* [Directions for this task] Reproduce the data below in full and to the letter, images excepted.

---- Dataset extract

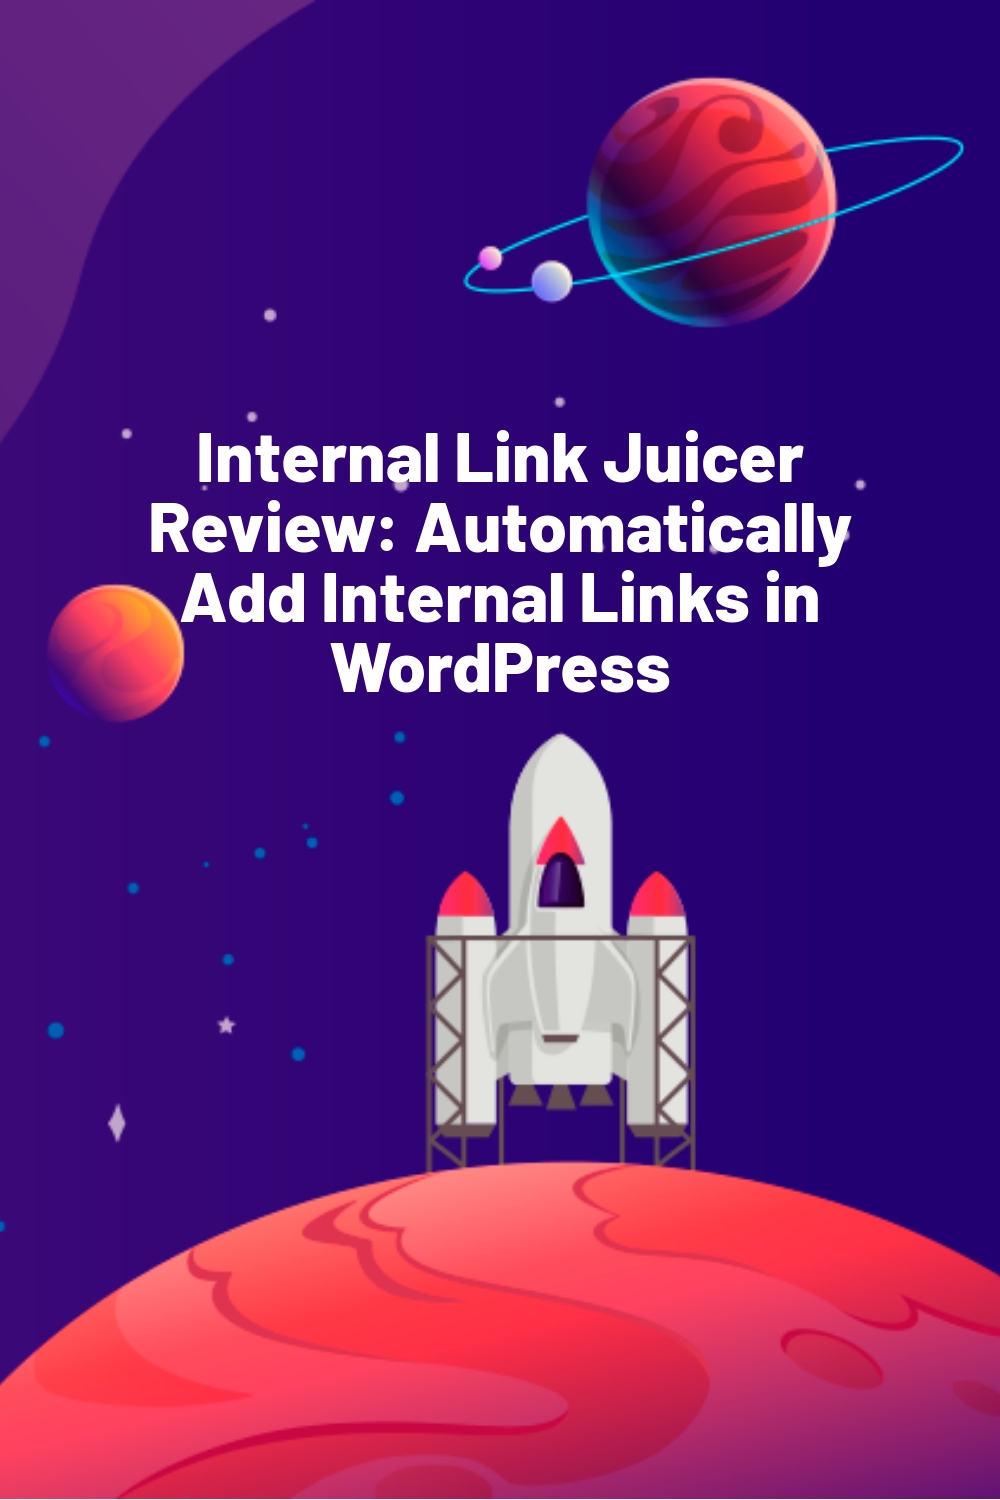 Internal Link Juicer Review: Automatically Add Internal Links in WordPress
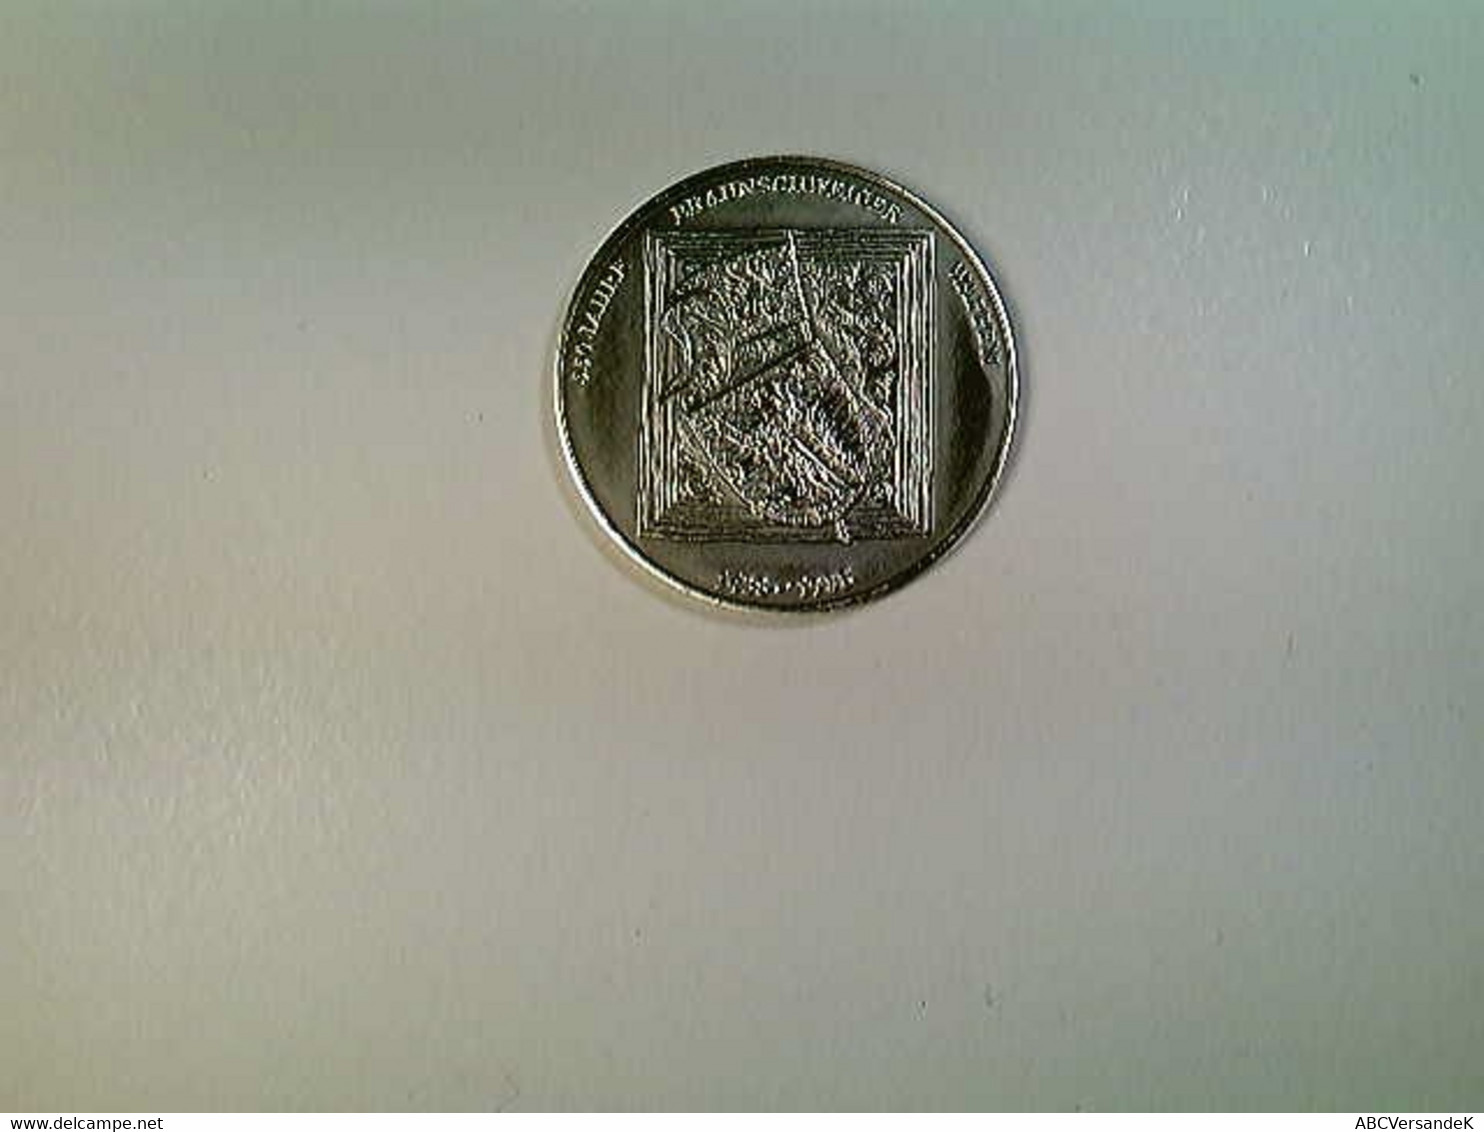 Medaille Braunschweig, Brunswick, 550 Jahre 1438-1988, Limitiert Nr. 167, Silber 999 - Numismatics
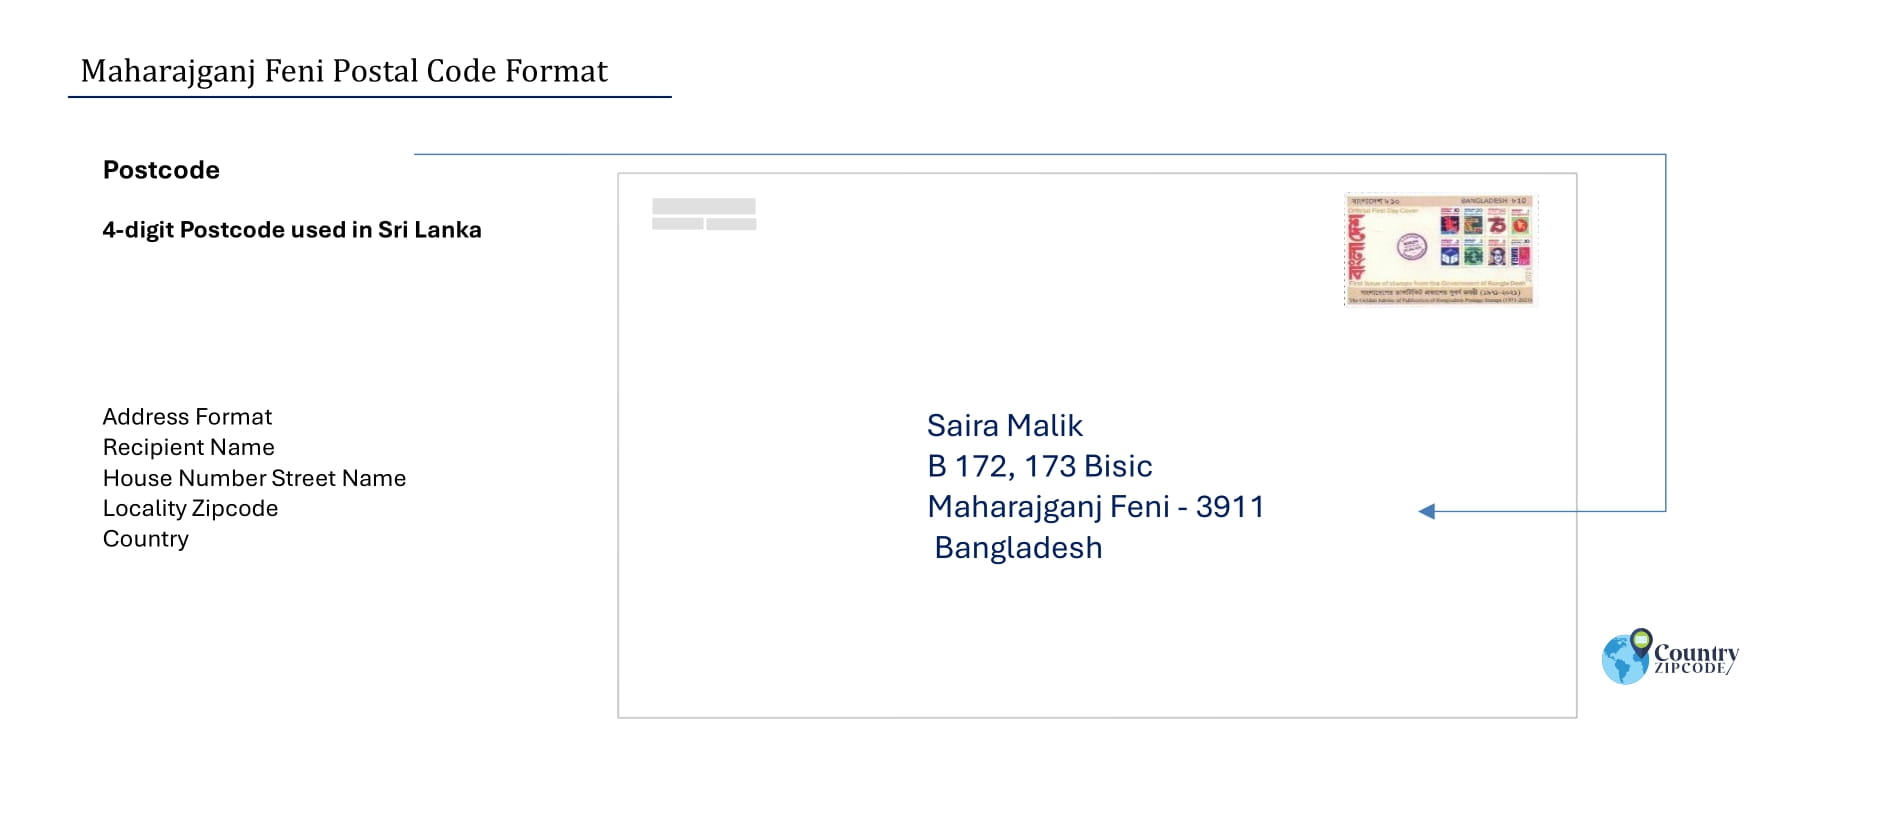 Maharajganj Feni Postal code format

--------

* [Task result]
 Internal Link Juicer Review: Automatically Add Internal Links in WordPress
 Medaille Braunschweig, Brunswick, 550 Jahre 1438-1988, Limitiert Nr. 167, Silber 999 - Numismatics
 Maharajganj Feni Postal code format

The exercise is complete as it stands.